150 tonnes de farine sont utilisées mensuellement par l’Épi pour la fabrication de ses fouaces, son pain, ses viennoiseries…

170 personnes, en équivalent temps plein, travaillent pour l’Épi du Rouergue, dont 30 vendeurs sur les marchés et les tournées des bourgs et des hameaux. Au siège, ce sont 80 personnes qui travaillent en production et dans l’administration (site de Lioujas). Les magasins comptabilisent 60 vendeurs.

Nonobstant ces beaux résultats, les deux géants de la boulangerie traditionnelle "et sans congélation" restent sur leur cœur de métier. "Nous sommes passionnés par les produits aveyronnais. Nous achetons tous nos produits dans la région et dans les circuits proches. D’abord, c’est plus facile pour se réapprovisionner. Ensuite, nous avons de bons produits comme la farine, et la charcuterie pour nos sandwichs ", ajoute Philippe Desroches.

Tout comme Michel Molinié, Victoire prend sa farine chez Moulin Calvet, à Rignac. A l’Épi, on achète la charcuterie chez Serin, la viande chez Bousquet et "l’eau nous vient de l’Aubrac, on ne peut pas faire plus local !", s’exclame Michel Molinié, dans un éclat de rire.

Chine, Afrique du Sud et Asie

Pour l’Épi du Rouergue, autant que pour Victoire, les méthodes de boulange sont à la fois similaires et traditionnelles. "On pétrit sur place, on façonne et on cuit sur place. Nous avons toujours une fournée à 17 heures pour avoir du pain chaud pour notre clientèle", confie Philippe Desroches.

De son côté, à l’Épi du Rouergue, on pétrit, façonne et cuit le pain au siège, à Lioujas. Le pain est ensuite distribué dans les magasins du département et sur les marchés. Ces derniers étant d’ailleurs une vraie marque de fabrique pour l’entreprise qui fournit 120 marchés hebdomadaires, dans toute la région sud de la France.

Les deux enseignes sont sur une trajectoire positive. Si Victoire a ouvert une nouvelle boutique à Baraqueville cet hiver, l’Épi du Rouergue n’est pas en reste. Il est d’ores et déjà en chantier et espère une ouverture d’ici le début de cet été. La ville de Millau qui connaît un des plus gros marchés depuis 45 ans est aussi en demande d’un magasin que pourrait bien ouvrir l’Épi du Rouergue, déjà présent sur le marché.
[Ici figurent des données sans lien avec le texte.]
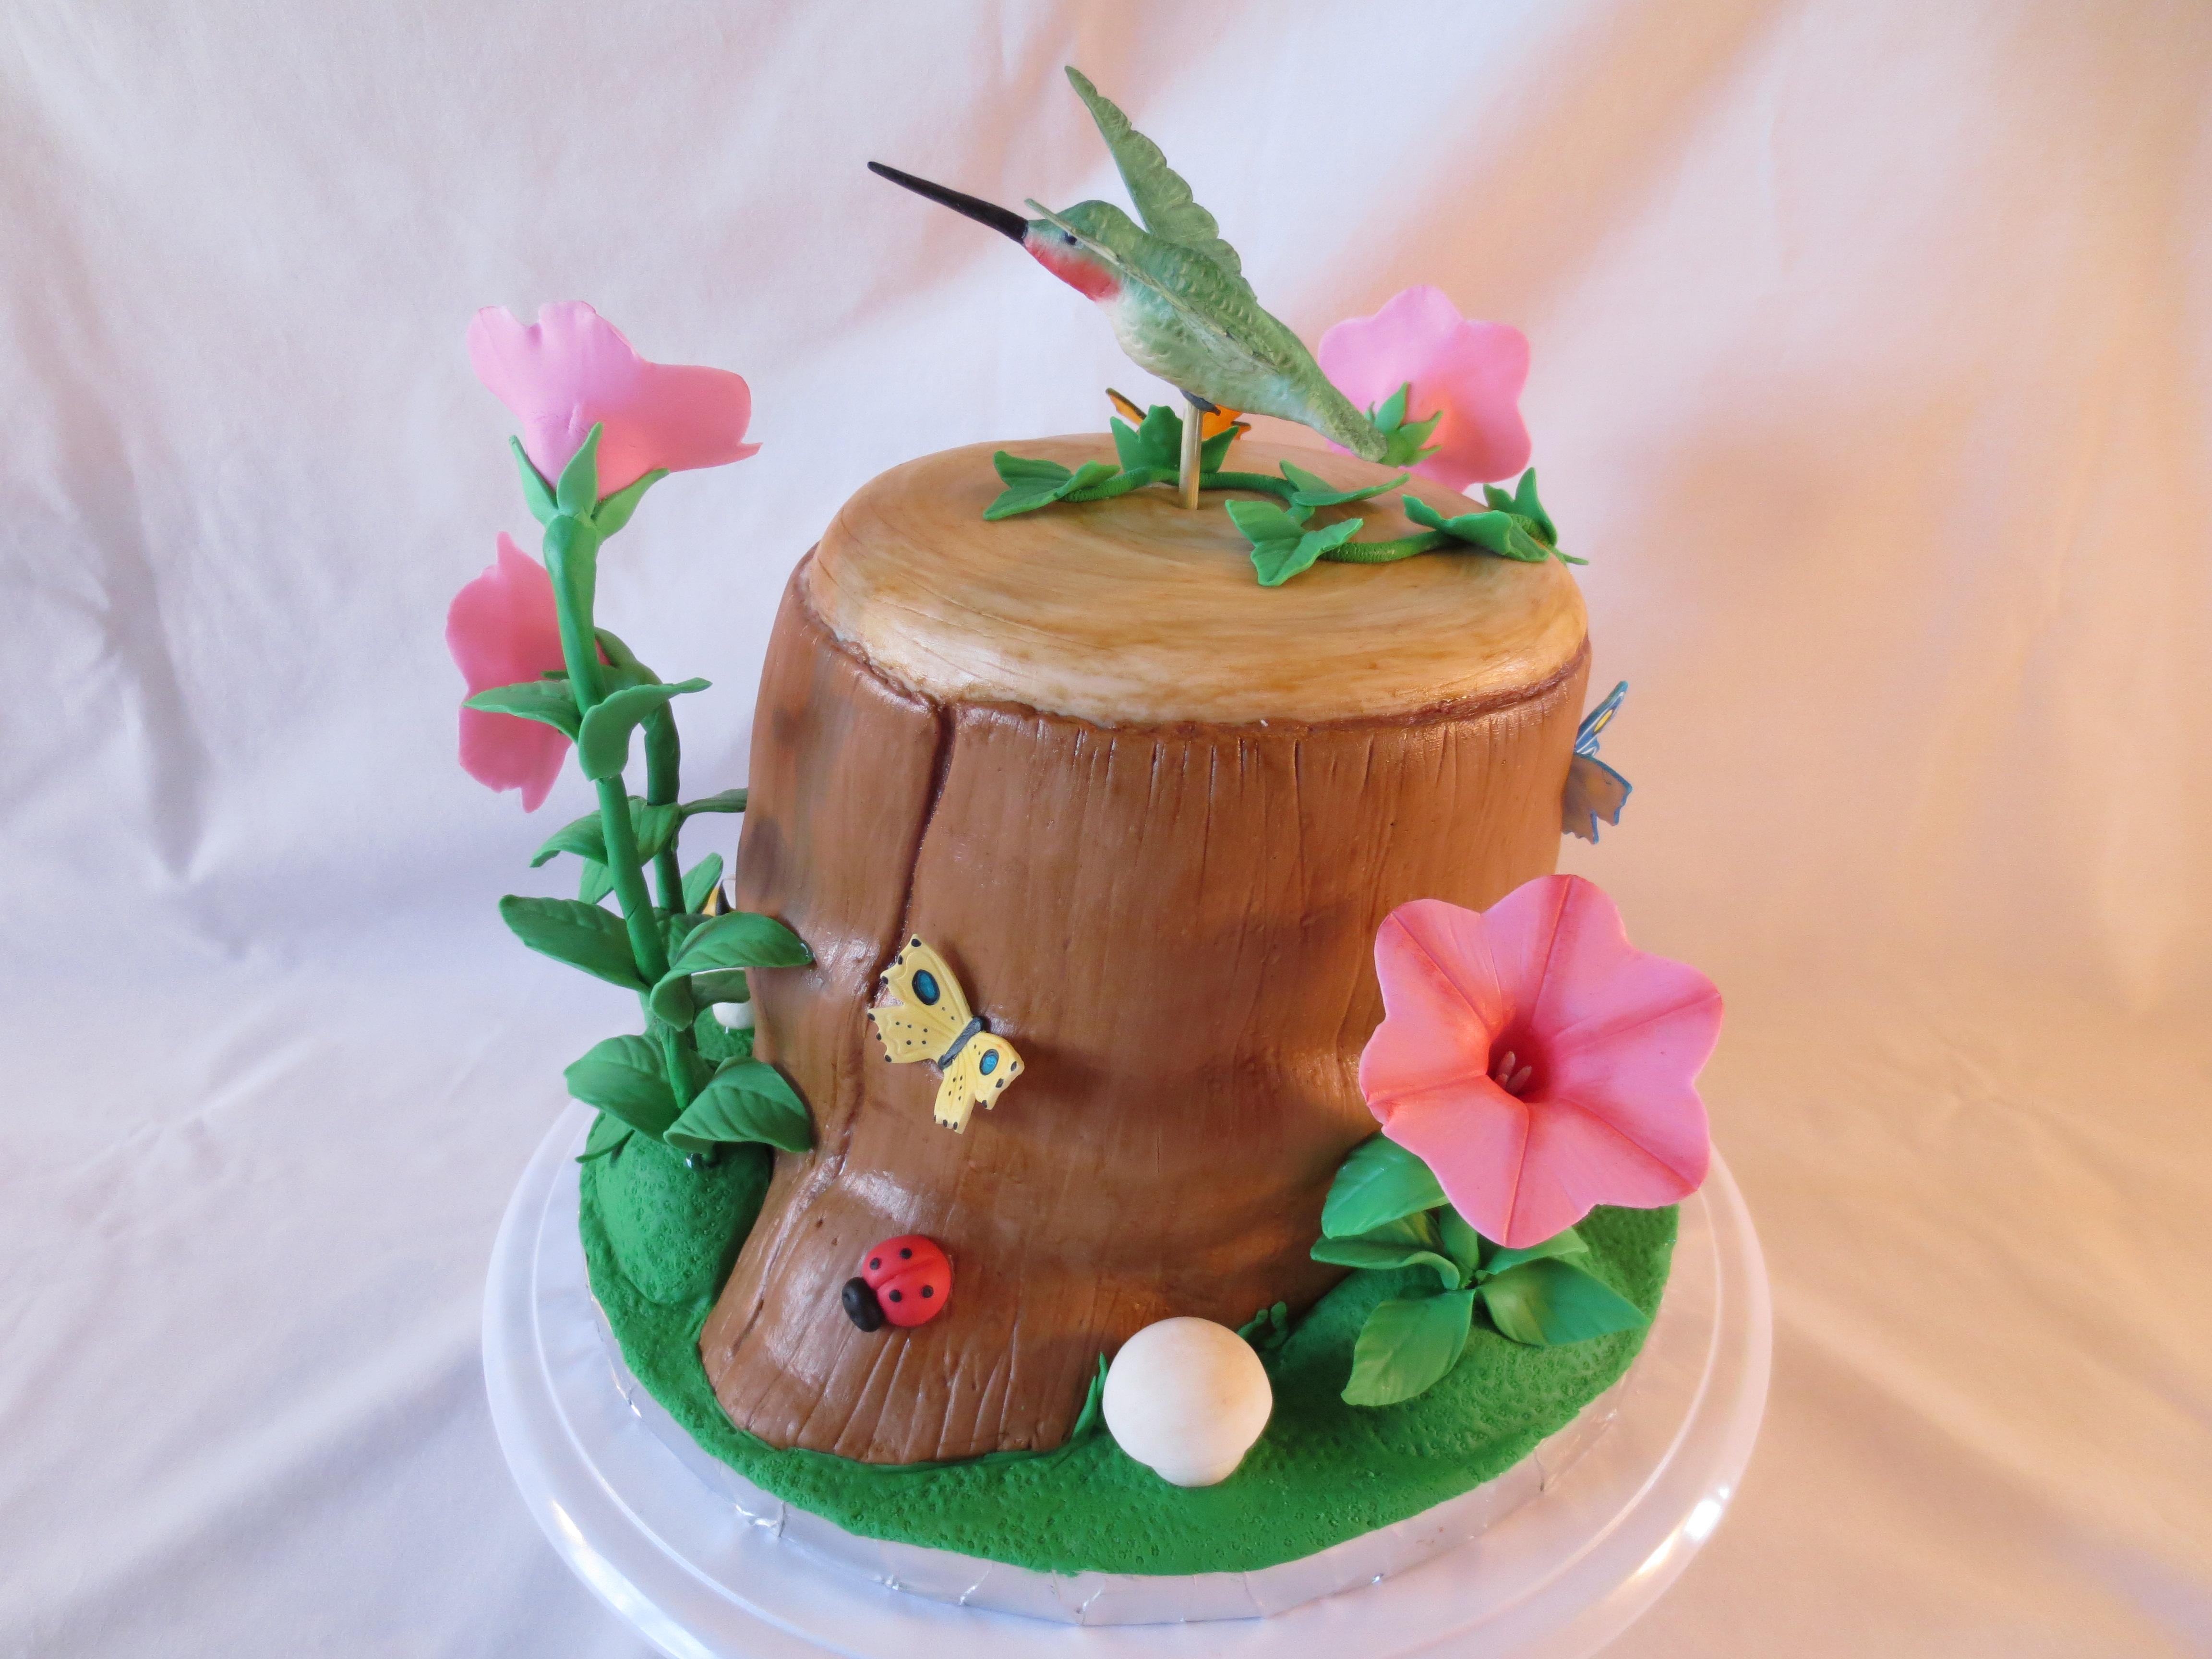 Vegan Gluten Free Hummingbird Cake

D’autres projets concernent aussi Puygouzon (dans le Tarn).

À Victoire, on ne s’arrête pas aux frontières nationales. "Nous avons réalisé une enseigne à Cape Town, en Afrique du Sud et nous sommes en pourparlers avec la Chine pour en lancer d’autres. Nous pensons aussi vendre des concessions de marques et sortir en Amérique latine et en Asie. En Aveyron, nous avons des projets à Sébazac, Espalion et à Montpellier. Nous prospectons aussi autour de Figeac", annonce Philippe Desroches.

Rien ne semble arrêter les boulangers aveyronnais, sinon le manque de la main-d’œuvre. Toutes les deux cherchent régulièrement des collaborateurs dans les magasins et sur les marchés.

Des embauches et des évolutions

Les deux enseignes cherchent activement des collaborateurs. l’Épi du Rouergue est prêt à embaucher une vingtaine de vendeurs dans ses magasins, tout au long de l’année 2019. Les personnes sont prises en CDI, sur un temps de 35 heures par semaine. Pour postuler, il faut écrire directement au siège, à Lioujas (ZA Lioujas, 12 740 La Loubière). Michel Molinié promet une évolution salariale aux collaborateurs motivés par la passion du pain. à Victoire, même son de cloche. L’enseigne recrute régulièrement des boulangers et des vendeurs, "qui ont le sourire et le sens de l’accueil". "Chez nous, il y a vraiment des perspectives d’évolution", assure Philippe Desroches. Les personnes intéressées par ces métiers peuvent postuler directement à Saint-Félix où il y a des demandes actuellement.